The batch variant scoring tool looks like it'll be useful to test many variants at once: https://www.alphagenomedocs.com/colabs/batch_variant_scoring.html

I think the goal is basically looking for variants that produce a large (or small if negatives are possible) quantile or raw score. For RNAseq, I think for each variant, the model creates one score for each gene in the interval. The quantile score would go from -1 to 1, which is a measure of how large of an effect the variant has on the gene. (0 is no effect.)

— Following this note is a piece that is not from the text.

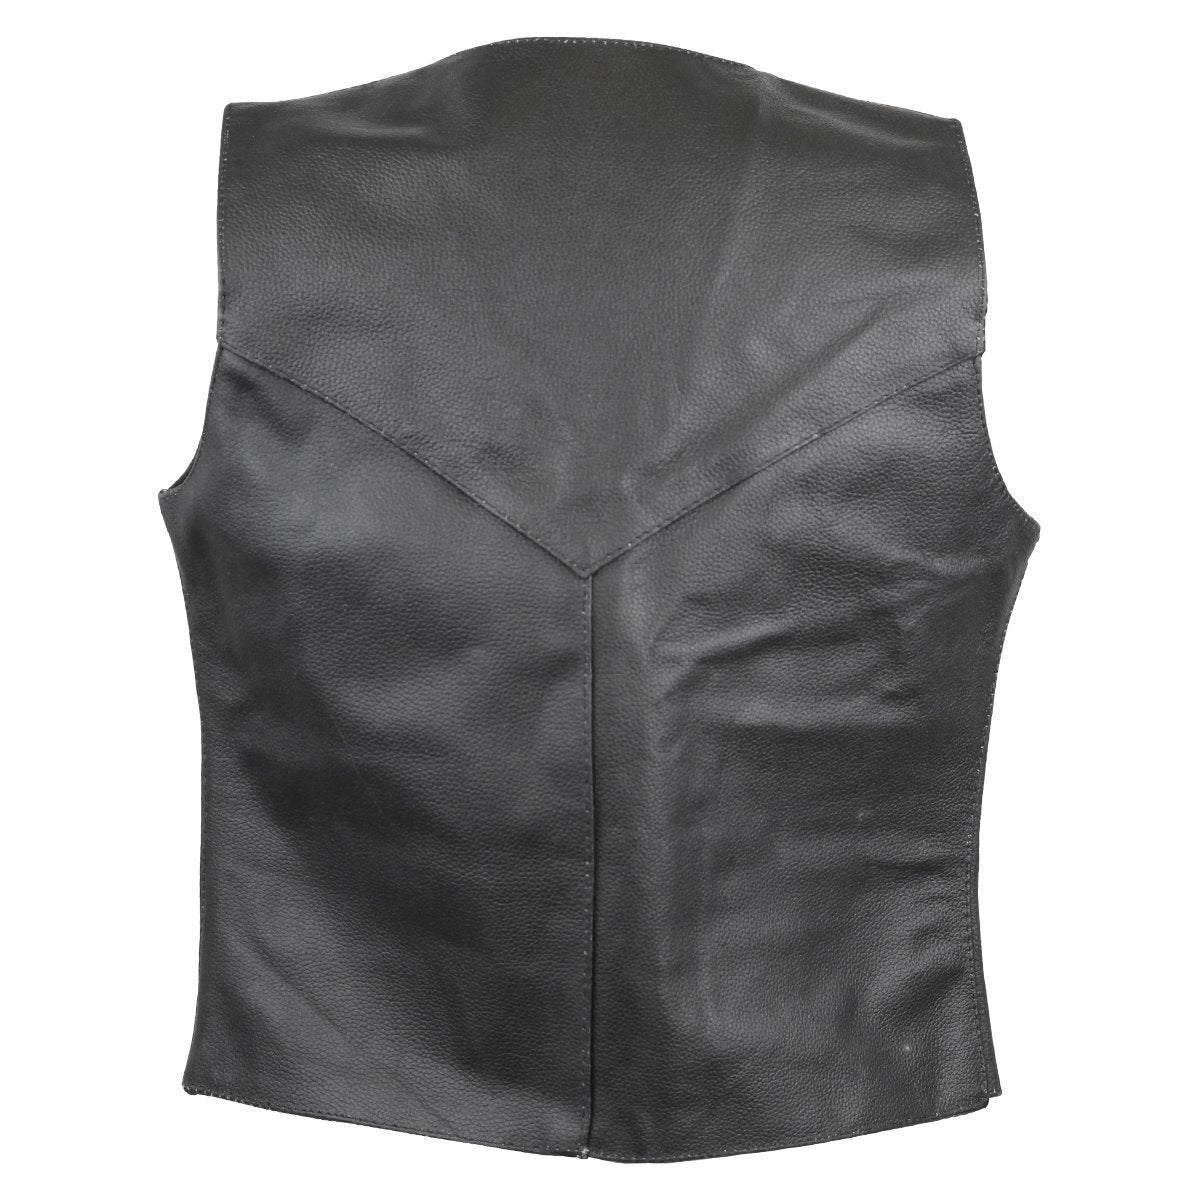 Vance Ladies Milled Leather Plain Side Vest

Edit: So I think what I'll try to get to doing is:

1. Filter DecodeME SNPs to log10p greater than something like 7 (produces about 300 variants).
2. Do batch scoring on all these variants with the RNAseq predictor on brain tissue.
3. Find the largest magnitude quantile scores to identify which variant-gene pairs might be important.

forestglip · Feb 4, 2026

Ok, well I did that.

I didn't initially filter to brain - I just had the model do all RNAseq predictions for all tissues, using all the variants with p-value less than 1x10^-7 (342 variants). That resulted in 3,800,412 scores, which are all the combinations of variants-genes-tissues. (It's looking at genes within 1MB of the variants.)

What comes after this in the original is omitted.